Copy on Write

Copy on write is handled in do_wp_page, whose code flow diagram is shown in Figure 4-20.

Figure 4-20: Code flow diagram for do_wp_page.

Let's examine a slightly simplified version in which I have omitted potential interference with the swap cache as well as some corner cases, since this would complicate the situation without revealing anything insightful about the mechanism itself.

The kernel first invokes vm_normal_page to find the struct page instance of the page by reference to the page table entry — essentially, this function builds on pte_pfn and pfn_to_page, which must be defined on all architectures. The former finds the page number for an associated page table entry, and the latter determines the page instance associated with the page number. This is possible because the COW mechanism is invoked only for pages that actually reside in memory (otherwise, they are first automatically loaded by one of the other page fault mechanisms).
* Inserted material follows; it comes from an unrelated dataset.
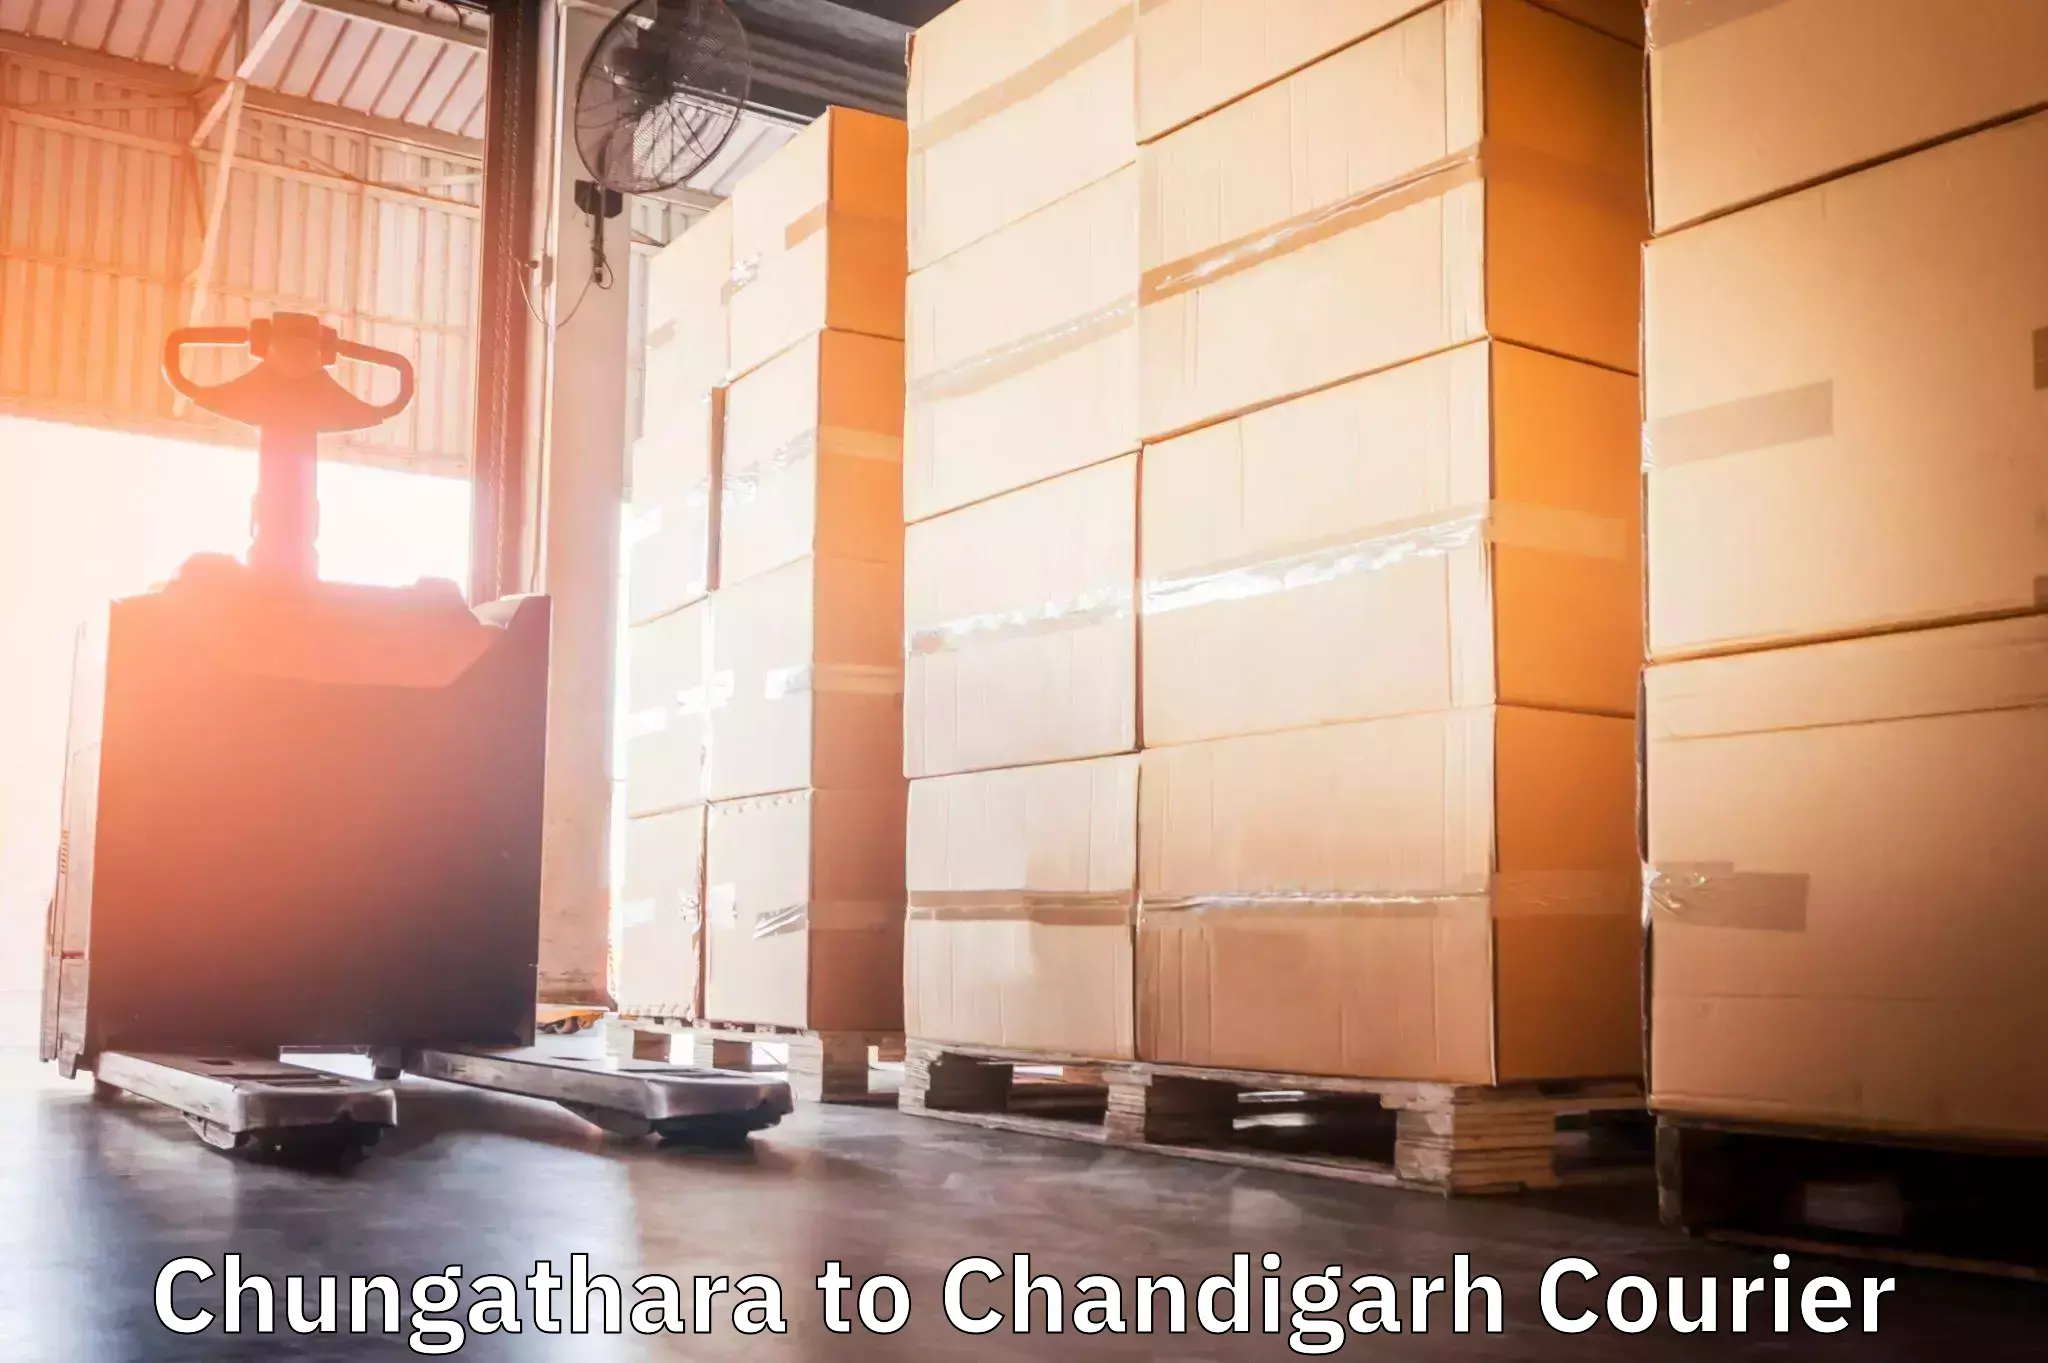 Custom courier packaging Chungathara to Chandigarh
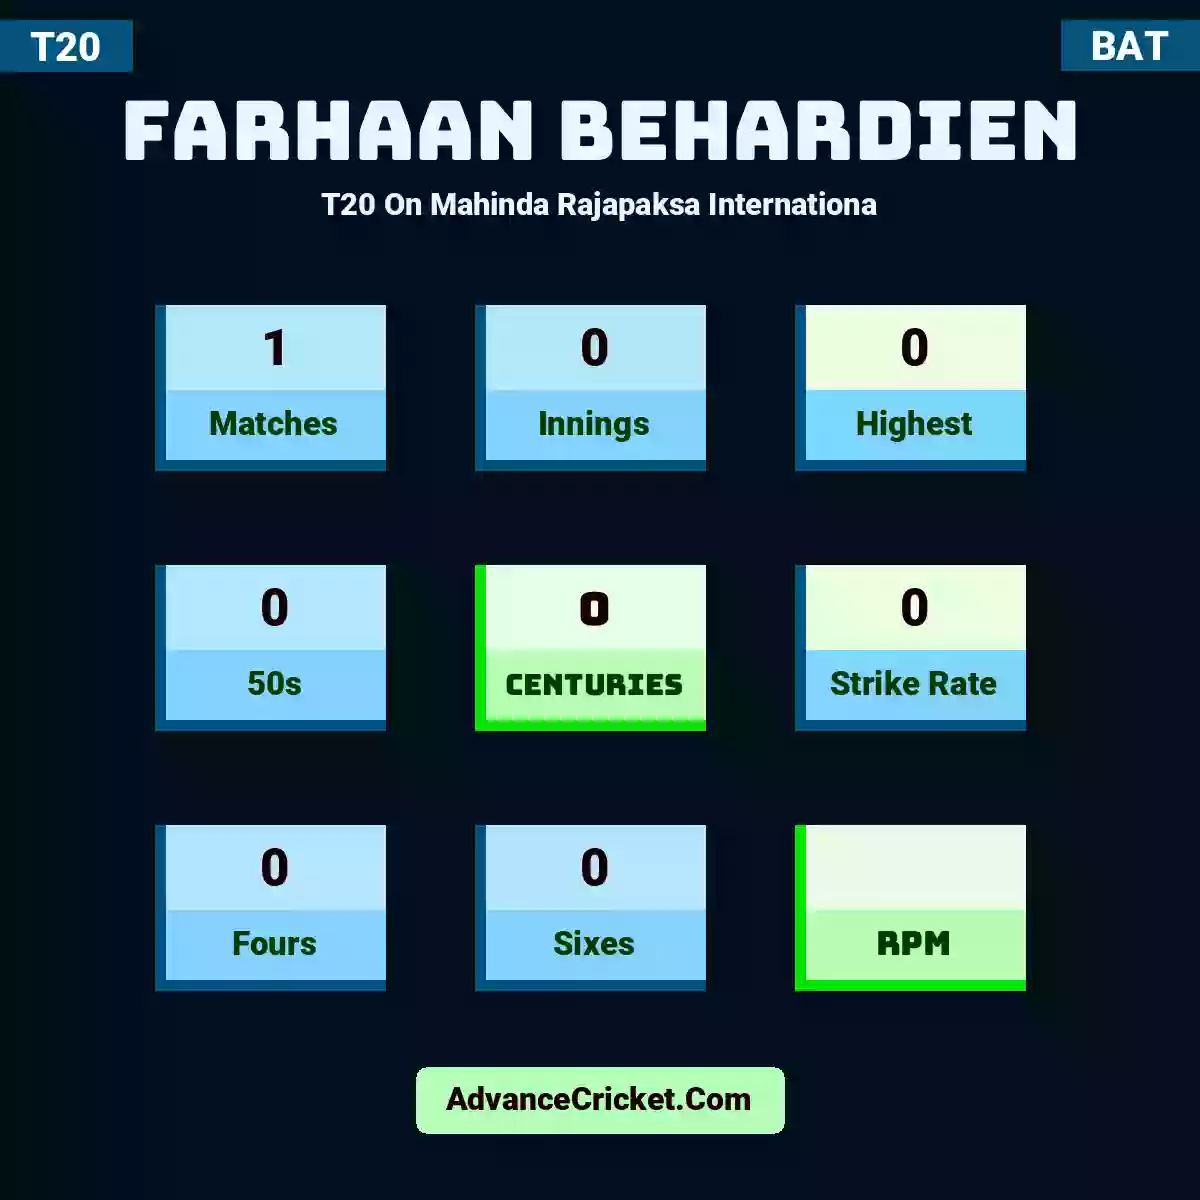 Farhaan Behardien T20  On Mahinda Rajapaksa Internationa, Farhaan Behardien played 1 matches, scored 0 runs as highest, 0 half-centuries, and 0 centuries, with a strike rate of 0. F.Behardien hit 0 fours and 0 sixes.

After obtaining a reference on the page with page_cache_get, anon_vma_prepare then prepares the data structures of the reverse mapping mechanism to accept a new anonymous area. Since the fault originates from a page filled with useful data that must be copied to a new page, the kernel invokes alloc_page_vma to allocate a fresh page. cow_user_page then copies the data of the faulted page into the new page to which the process may subsequently write.

The reverse mapping to the original read-only page is then removed using page_remove_rmap. The new page is added to the page tables, at which point the CPU caches must also be updated.

The final actions involve placing the newly allocated pages on the active list of the LRU cache using lru_cache_add_active and inserting them in the reverse mapping data structures by means of page_add_anon_rmap. Thereafter, the userspace process can write to the page to its heart's content.